Royal Academy of Engineering
Formation June 1976
Location London, United Kingdom
Membership 3 Royal Fellows, 1,493 Fellows
President Sir John Parker
Vision To bring engineering to the heart of society
Website http://www.raeng.org.uk

Contents

Overview

The Royal Academy of Engineering is the UK’s national academy of engineering. The Academy brings together the most successful and talented engineers from across the engineering sectors for a shared purpose: to advance and promote excellence in engineering.

The Fellowship was founded in June 1976 with enthusiastic support from HRH Prince Philip, Duke of Edinburgh, who became the first senior Fellow and continues to fulfil that role to this day. The Fellowship was granted a Royal Charter in 1983 and became The Royal Academy of Engineering in 1992, having been granted a Royal Title. [1]

The Royal Fellows of the Academy comprise HRH The Prince Philip, HRH The Duke of Kent and HRH The Princess Royal. [2] The Fellowship currently stands at over 1,400 distinguished engineers from across the sectors and disciplines, who lead, guide and contribute to the Academy’s work and provide expertise.[3] Up to 60 engineers are elected each year by their peers, distinguished by the title 'Fellow of The Royal Academy of Engineering' and the postnominal designation 'FREng'. Honorary and International Fellows who have made exceptional contributions to engineering are also elected.The current President of the Academy is Sir John Parker FREng. The Immediate Past President is Lord Browne of Madingley.

The Academy’s activities are focused on positioning engineering at the heart of society by:

It is a national Academy with a global outlook and conducts a number of international activities with partners across the world.

The Academy is also an instrumental player in two policy alliances setup in 2009 to provide coherent advice for engineering education and policy across the profession: Education for Engineering(E4E) and Engineering the Future.

Activities of the Academy

1. Driving economic growth

The Academy invests in world class research, supporting the best people and focusing on areas that address specific issues and challenges. It also encourages and builds strong links between academia and industry, opening up opportunities for research to be translated into real world applications, products and services which in turn will generate wealth and jobs.
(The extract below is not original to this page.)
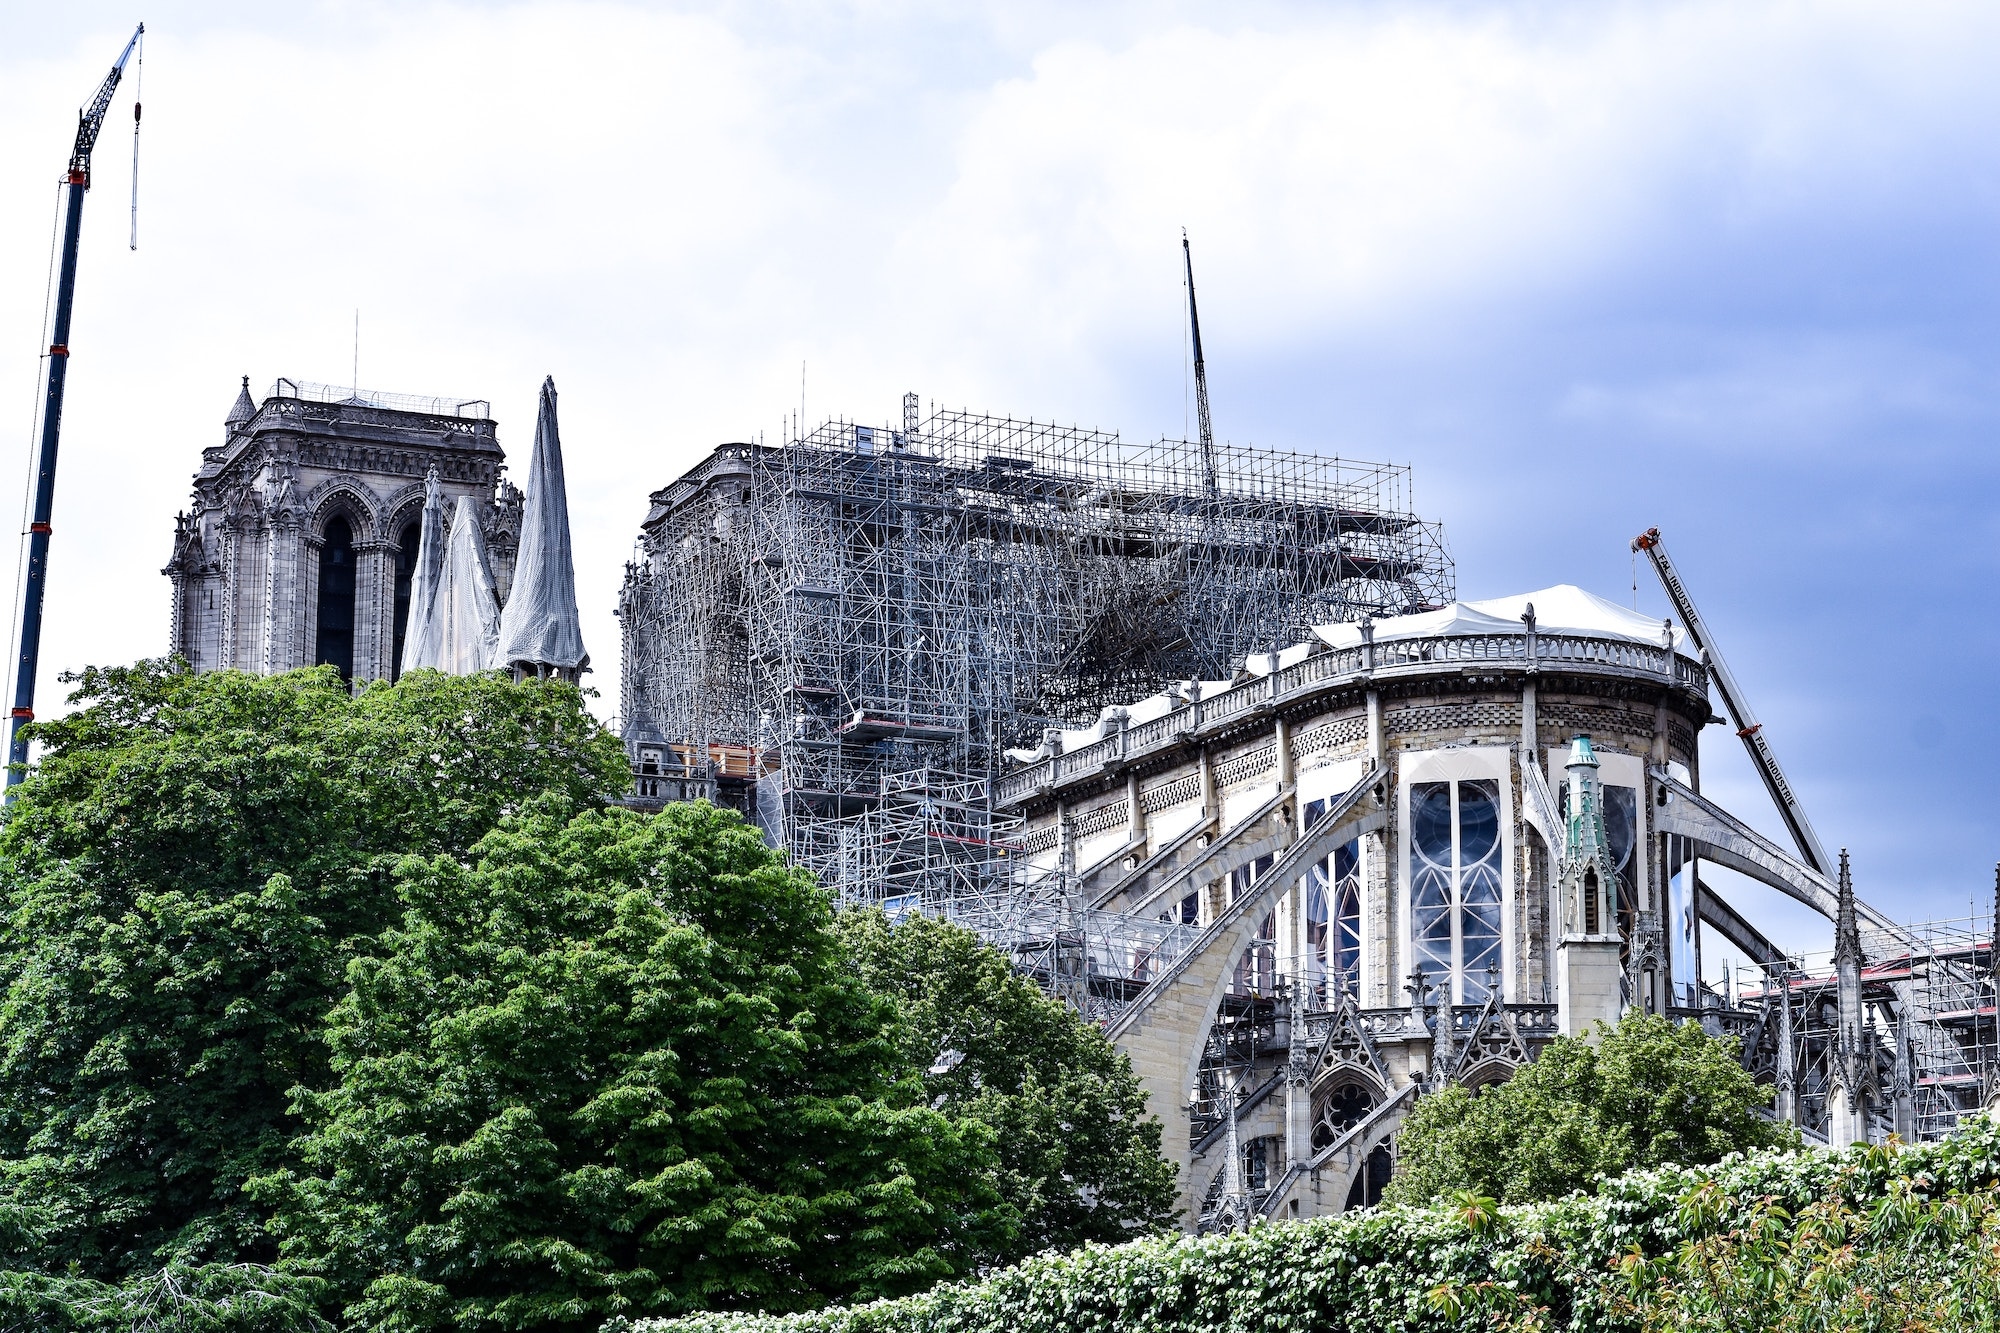 Így néz ki jelenleg a katedrális – Fotó: Tayla Bundschuh / Unsplash

Academy activities also focus on how the UK can create the right climate in which innovation, entrepreneurship, business and industry can flourish.

Example activities: Engineering enterprise fellowships Post Doctoral Fellowships

2. Foster better education and skills

The Academy works with the engineering profession and other partners to increase the diversity and number of people that study science, technology, engineering and mathematics and focuses on enriching the experience by bringing real-world engineering practice into schools, further education colleges and universities.

The Academy also hosts the professional engineering alliance Education for Engineering (E4E) which provides a unified voice in education debates and advice on all aspects of engineering education policy.

3. Lead the profession

The Academy harnesses the collective pan-engineering expertise of its Fellowship to act as an advisor to the British government by providing recommendations, analysis and solutions on a number of topical policy areas. At present, the Academy’s policy work focuses on energy, infrastructure, transport, sustainability, innovation, education and skills in addition to the issues that concern business and industry and rebalancing the economy.

The Academy is also host to the professional engineering alliance Engineering the Future to provide a unified voice for engineering on matters that require expertise and advice from a number of engineering bodies.

Example activities UK offshore wind supply chain Heat: degrees of comfort

4. Promoting engineering at the heart of society

The Academy organises a number of events and debates in addition to the production of a quarterly magazine Ingenia to reach a variety of difference audiences and enhance greater awareness of engineering and how it impacts on the wider world.

The Academy also recognises and celebrates the most talented engineers by awarding prestigious prizes, including the annual MacRobert Award, Britain’s top prize for engineering innovation.[4]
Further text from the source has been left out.